Tried Nvidia's GTX 1080 - still no external GPU on a Pi

Earlier today I did a livestream on my YouTube channel to attempt using an Nvidia GeForce GTX 1080 on a Raspberry Pi Compute Module 4.

MSI Nvidia GeForce GTX 1080 Graphics Card GPU

As with all my testing, I'm documenting everything I learn in this GitHub issue, which is part of the Raspberry Pi PCI Express Card Database website.

It's only been a few hours, but I've already gotten good suggestions for better debugging than I was able to do on the stream. And someone pointed out it might be the case, due to 32-bit memory limitations on the BCM2711's PCIe bus, that no GPU with more than 4 GB of onboard RAM could work. Though it's hard to confirm there'd be no software workaround—even 1 and 2 GB graphics cards (AMD and Nvidia) are crashing the kernel in similar ways.

The full livestream is available on replay and is embedded below:

And in that livestream, I compared the 'chonky' size of the 1080 card to the diminutive ASRock Rack M2_VGA card I tested a few weeks ago, tried installing Nvidia's proprietary driver on 64-bit Pi OS (which locked up), tried recompiling the kernel with Nouveau (which locked up), and then documented all the failures in the GitHub issue linked earlier in this post.

I was expecting failure, and said as much at the beginning of the stream—5% chance of success, 10% chance of releasing the magic smoke—but it would be nice to get any graphics card to work well on a Pi, for a variety of uses. But probably not AAA gaming, since gaming on Linux is a tough proposition even in the best of circumstances.

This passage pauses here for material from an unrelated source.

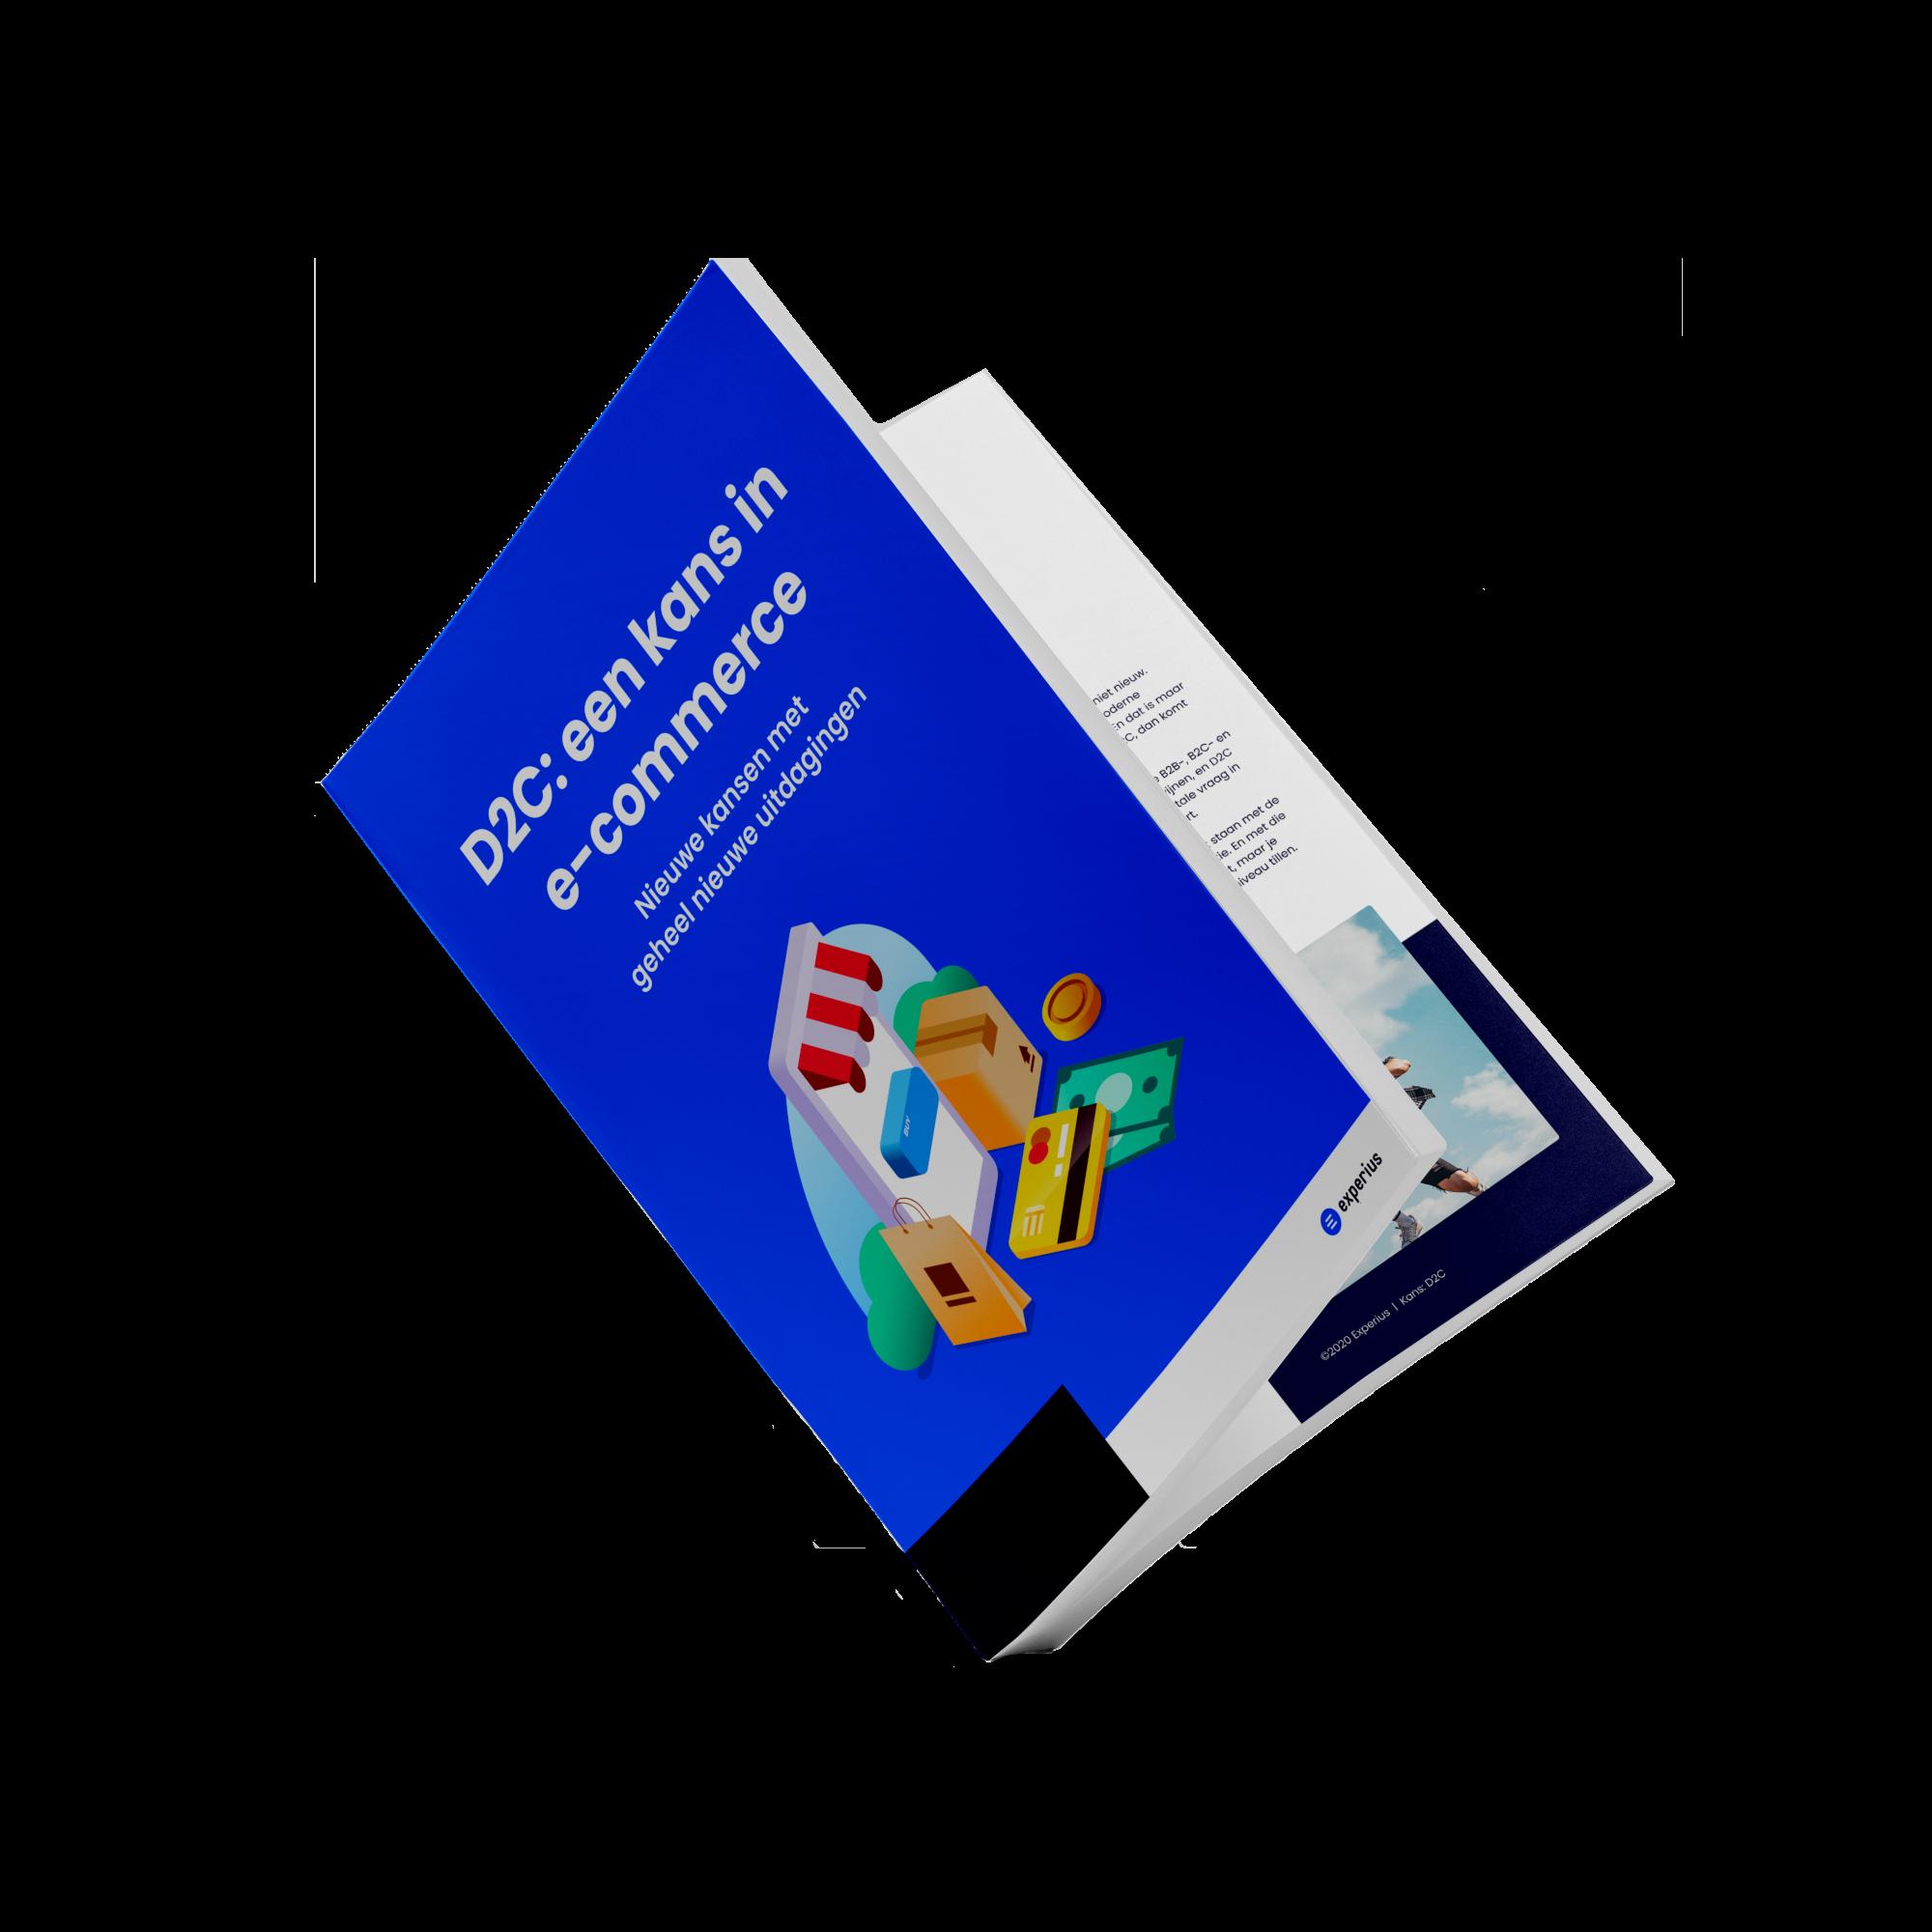 ebook_mockup_small2

Some people also suggested testing on an Nvidia Jetson board, or a Honeycomb, but the former is a bit pricey, and the latter seems to be unobtanium right now (as with so many components these days). I mean heck, I would also love to find a way to loan an Ampere server for a short time so I could basically use the best ARM hardware on offer... but alas those prices are astronomically beyond my budget right now :)

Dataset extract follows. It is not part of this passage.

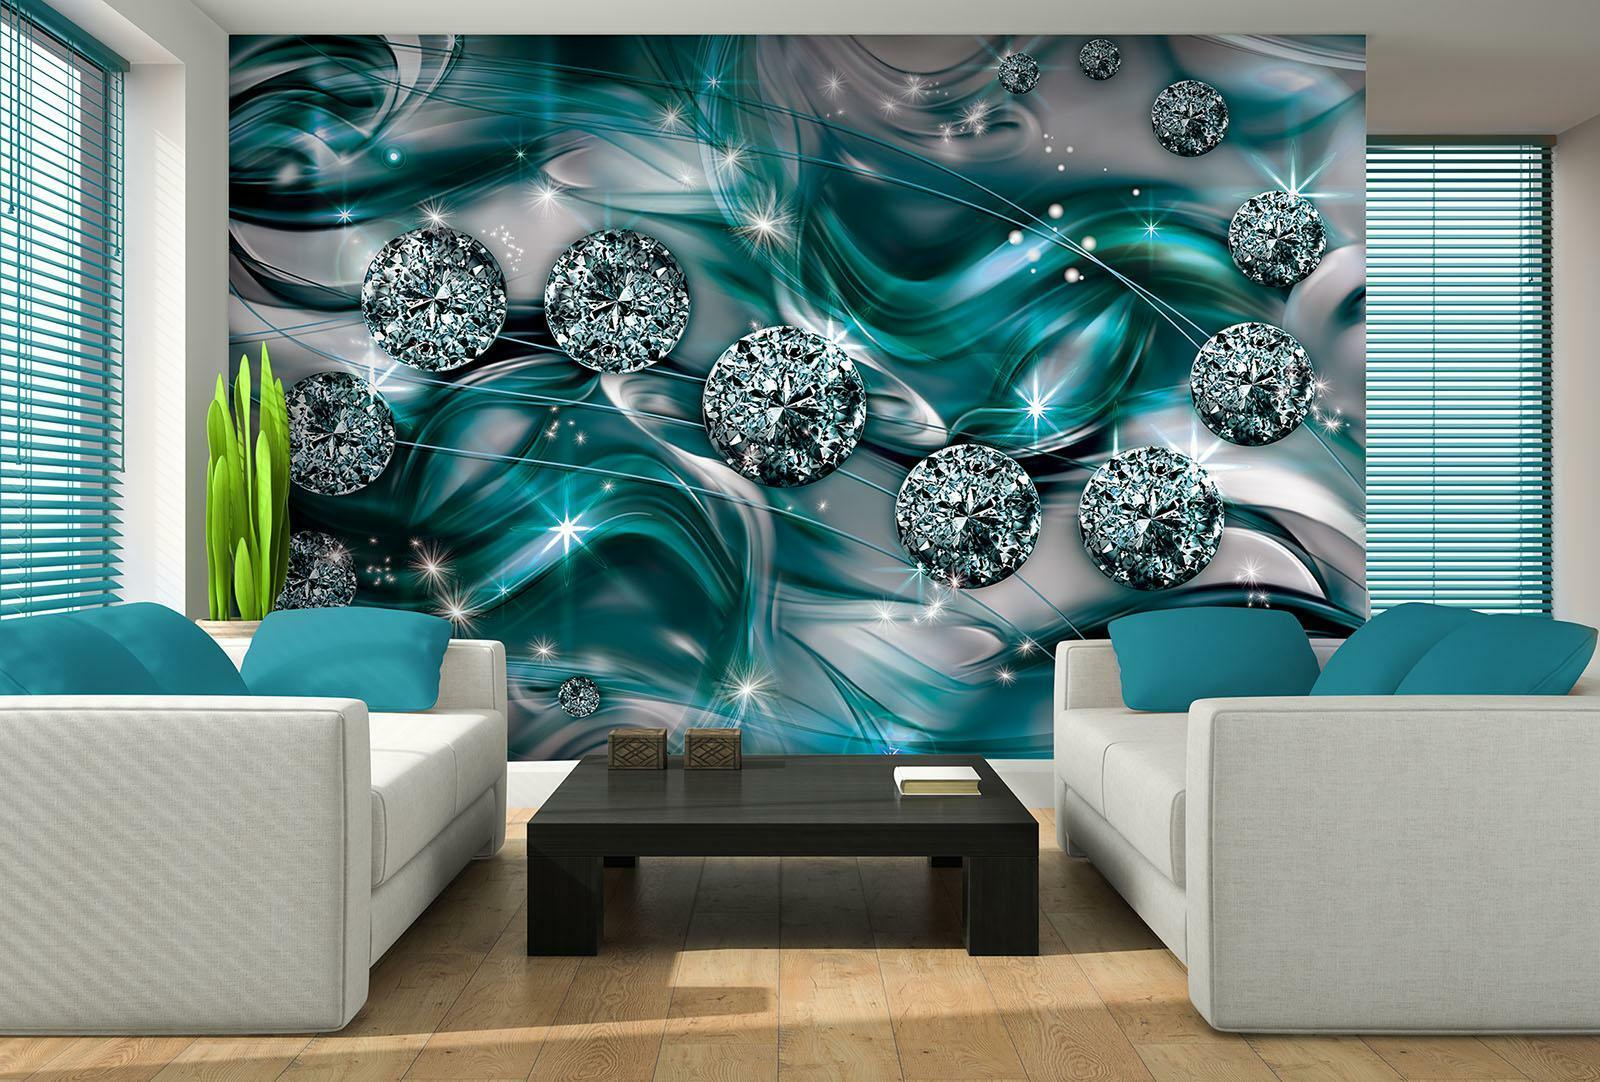 Vließ Fototapete Tapete Wandbild Diamant Abstraktion 310578_VEMVT

I'll keep plugging away, and hopefully if not me, then someone will get an AMD or Nvidia GPU working on the Pi. Coreforge is certainly close with an old Radeon 6450.

Comments

Here's a theory I've had: a lot of PCIe devices get their power from the PCIe slot. Could it be possible that the slot just can't supply the necessary power?

In this card's case, the power is partially supplied through the slot—in the video I also mentioned I plugged in PCIe power connectors to the 8-pin and 6-pin slot, to provide the needed 200+ Watts of power.

With this and other cards, I've also plugged them in through external powered risers and that has not helped the situation, so I'm 99% sure it's not a power issue.

What could a use case be for a system with such a CPU bottleneck?

Really cool work, excited to mess around with it once someone smarter than I gets it all figured out

I think that a lot of details about bootstrapping the gpu firmware etc are x86_64 specific. Amd had a arm board at one point and it also could not initialize any GPU. I really don't think it's a memory problem.

Hey, I think you were already working in the right direction. You already got some sort of frame buffer to display, it more or less shows the login prompt after auto login if you squint your eyes looking at those screenshots.

You could try compiling a new efistub kernel, with just the efifb driver and nothing else AMD/nVidia related.

You will need UEFI firmware for the Raspberry and you might need to fuzz around with card or bus initialization.

Either way, I would focus on getting a bare minimum frame buffer going first and not the final dressing on the cake ;)

Good luck in your journey, if only there were a running system where your could swap the card from and compare resource allocations...

Sorry for my ill knowledge but what is it that your doin as i am weirdly interested but have no idea what your talking about (simple mans terms pls)

Very good work. If a grafic card works out, there would be no more problems with the graphics driver (Less than OpenGl 3.0). Than, using Blender 2.8 would be possible on the RPI.